Any user who doesn't know what Gatekeeper's purpose is (and how to disable it) probably stand to benefit from keeping it on. I imagine these people are the ones most at risk for downloading malware.
People who don't want/like the walled garden can disable it trivially from the settings. For people like my mom, who clicks on any ad/link/attachment without a second thought, this will save a ton of headaches.
What about an OSS app like Darktable (which beats the sh*t out of Lightroom, in many use cases)?
None of the devs has an Apple Developer account and not one of them, understandably, is prepared to churn out the 99 USD just to be able to sign the OS X flavor of their app:
http://goo.gl/gzFZO
Shouldn't a kick-ass app like Darktable be easily deployable by anyone, not just those who know how to circumvent the 'walled garden'?
If it's really that good (I've never tried it), then surely a couple users would be willing to donate a few bucks for it to be signed (especially seeing as lightroom costs what, $150?). $99 isn't quite pocket change, but it's not big money either.
Reading the link, it seems like (some of) the devs have philosophical objections to doing that; fine. But philosophical objections aren't the same as "it can't be done".
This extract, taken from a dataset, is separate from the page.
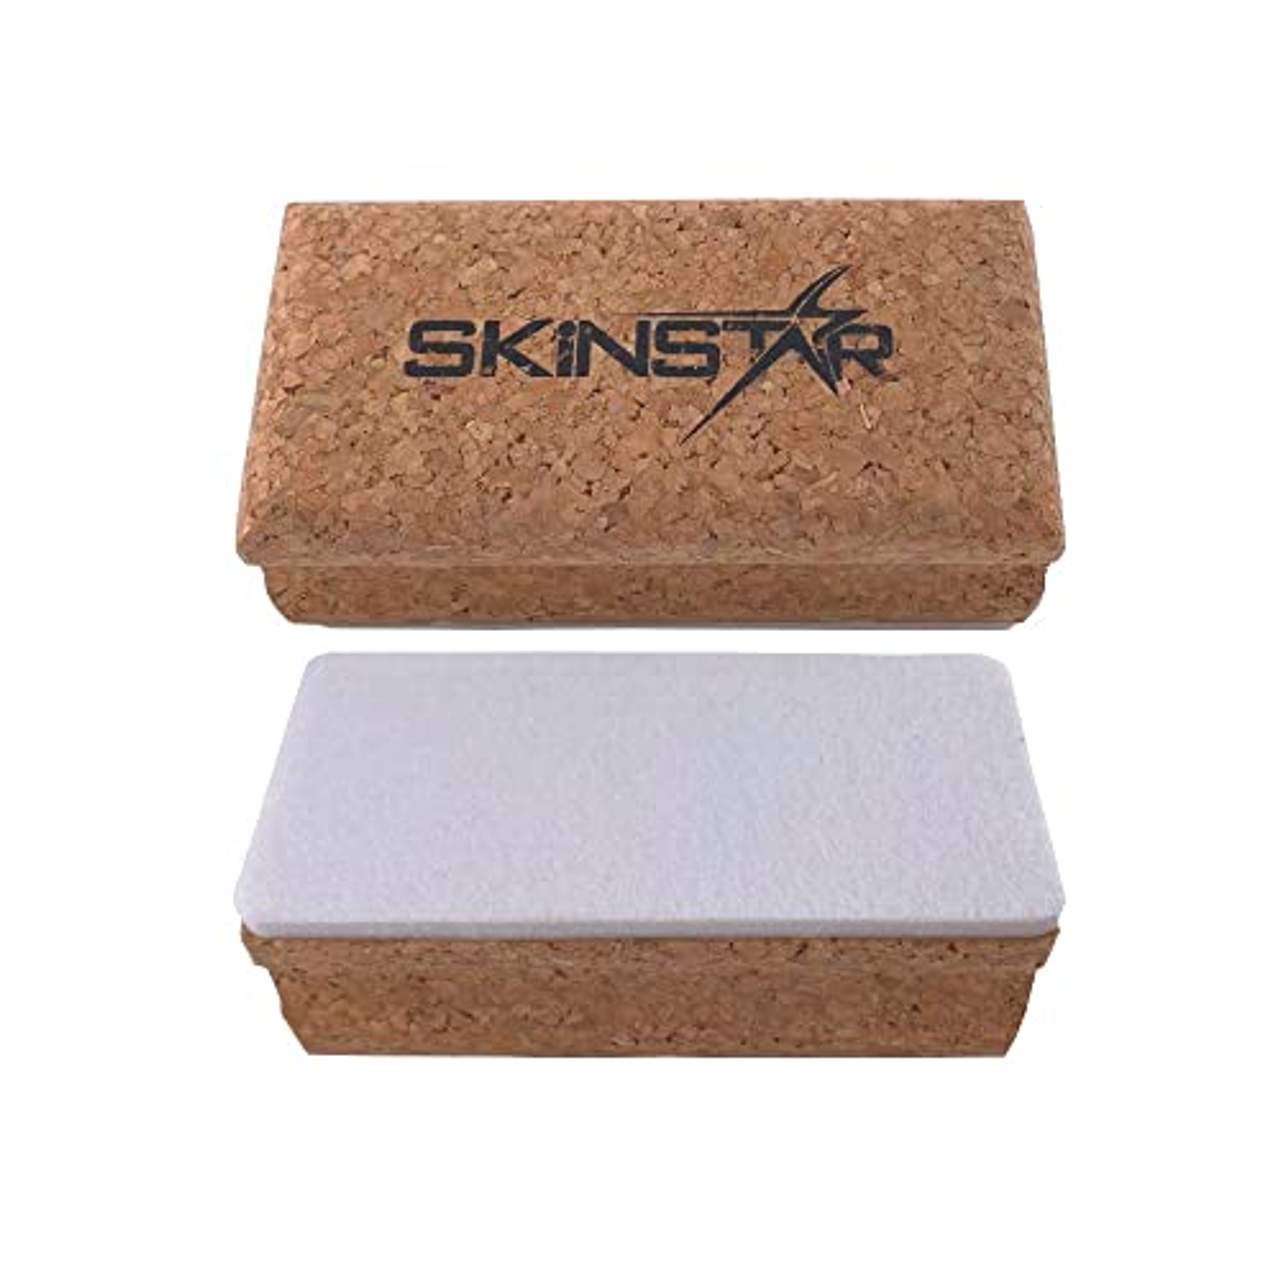 SkinStar Starter Set Skituning-Komplettset Alpin Classic

Any user who doesn't know what Gatekeeper's purpose is (and how to disable it) probably stand to benefit from keeping it on. I imagine these people are the ones most at risk for downloading malware.
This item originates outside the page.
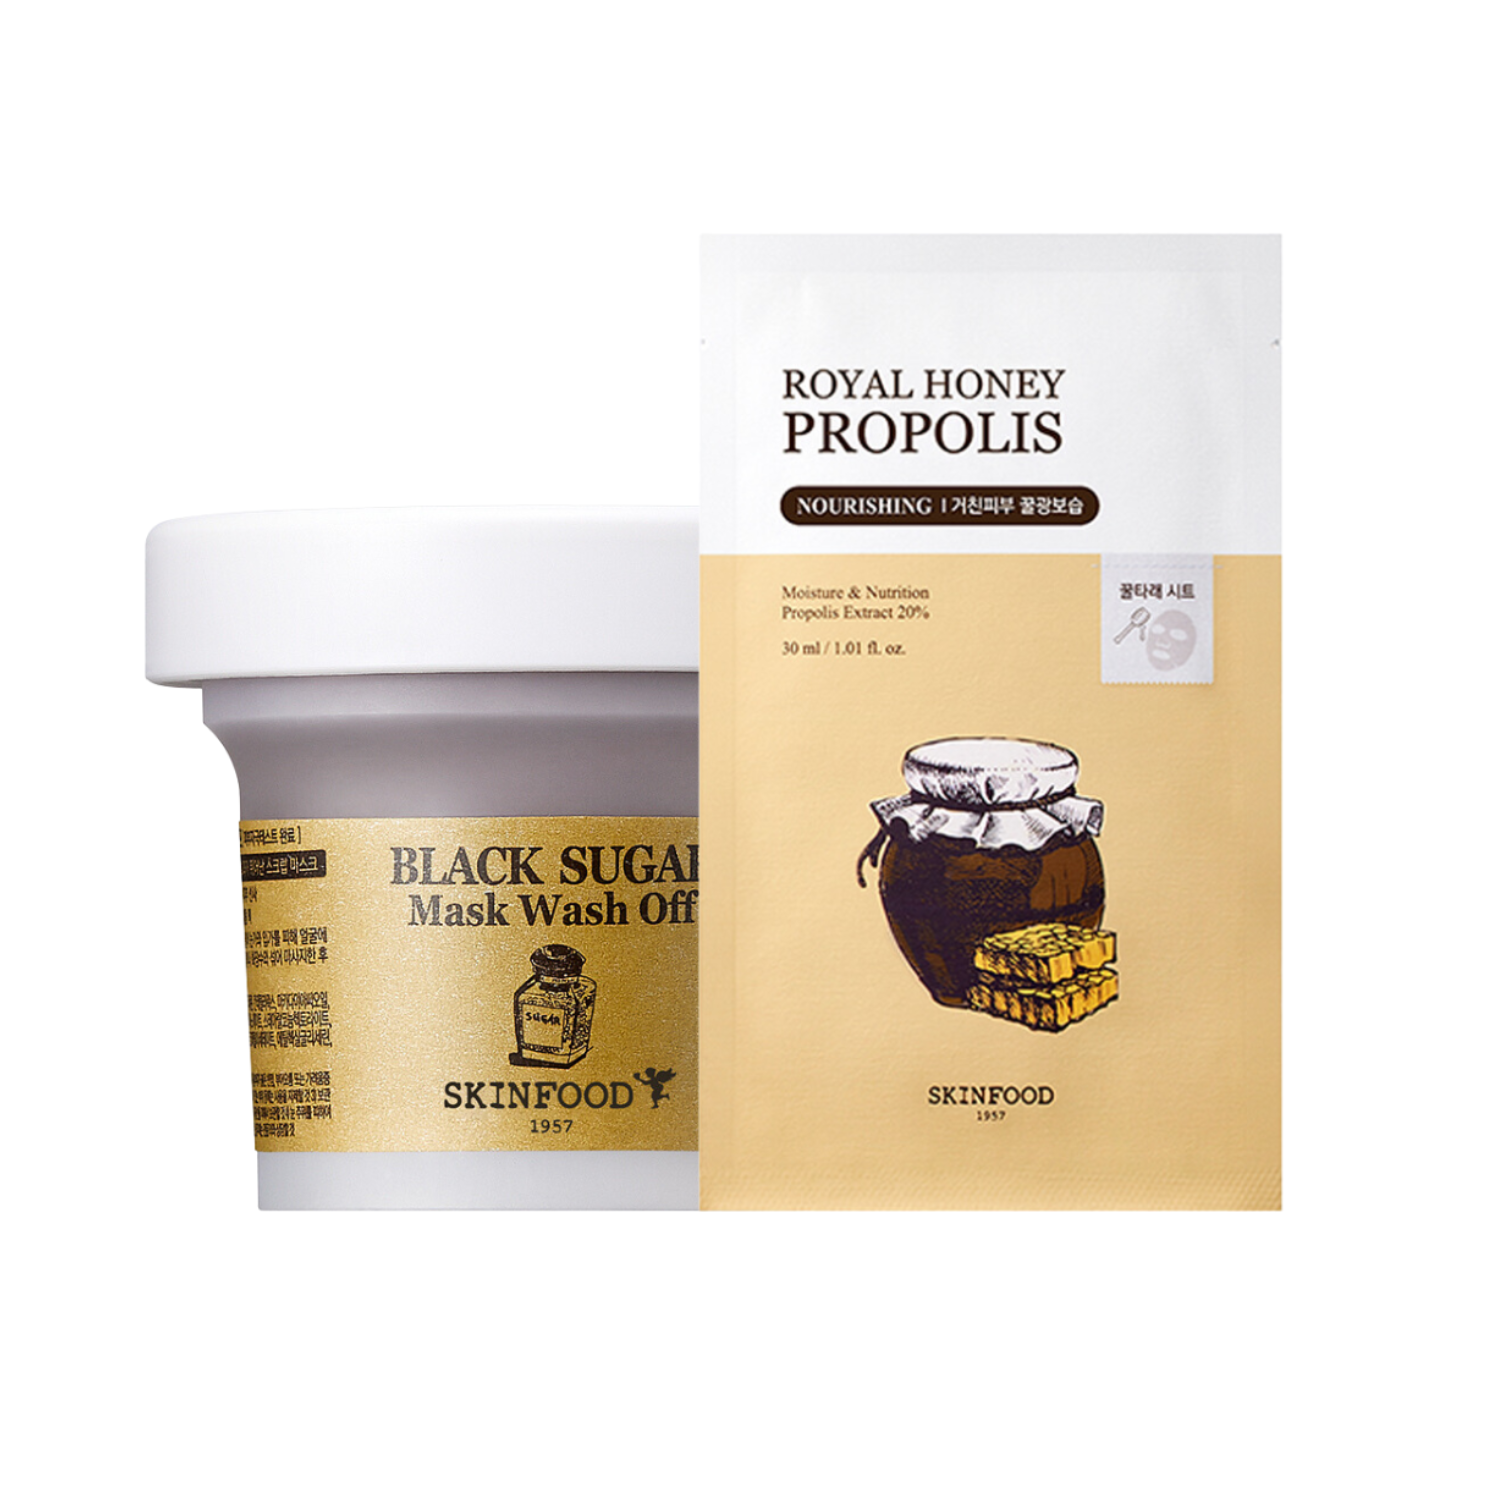 Black Sugar Mask Wash Off + Royal Honey Propolis Mask

I don't necessarily disagree (I have a mom too ;)), but: (1) there are many trustable open source programs that are unsigned because their developers cannot afford or do not want to pay $99 per year for an Apple developer account; (2) OS X could display a warning that the user can override.
What happens now is that people will Google for the error to install some legitimate software, find a blog post that describes how to disable Gatekeeper, and switch of Gatekeeper permanently.
> OS X could display a warning that the user can override.
If it had an overridable dialog straight from double-click, people will just see this as an annoyance and end up clicking the "Yeah, whatever!" button without skipping a beat.
The way it is, it's actually overridable per application with "right click->open" which gives you the overridable warning you wish for, with OSX actually remembering the overriding and you can subsequently double-click on the now whitelisted app. This whitelisting apparently survives even Sparkle updating.
It appears that it's just convoluted enough for people dangerous to themselves not to shoot themselves in the foot, yet convenient enough for the informed user to act easily. And ironically the solution is actually written in the non-overridable dialog, yet the kind of people not reading dialogs is precisely the risky kind. I'd venture it's made so on purpose.
The way it is, it's actually overridable per application with "right click->open"
As I said in my original comment ;).
This whitelisting apparently survives even Sparkle updating.
Sparkle probably never sets the com.apple.quarantine attribute and if the application does not have LSFileQuarantineEnabled set in its Info.plist, its downloaded files are not put in quarantaine. Applications that do not have that extended attribute are never checked.
People who don't want/like the walled garden can disable it trivially from the settings. For people like my mom, who clicks on any ad/link/attachment without a second thought, this will save a ton of headaches.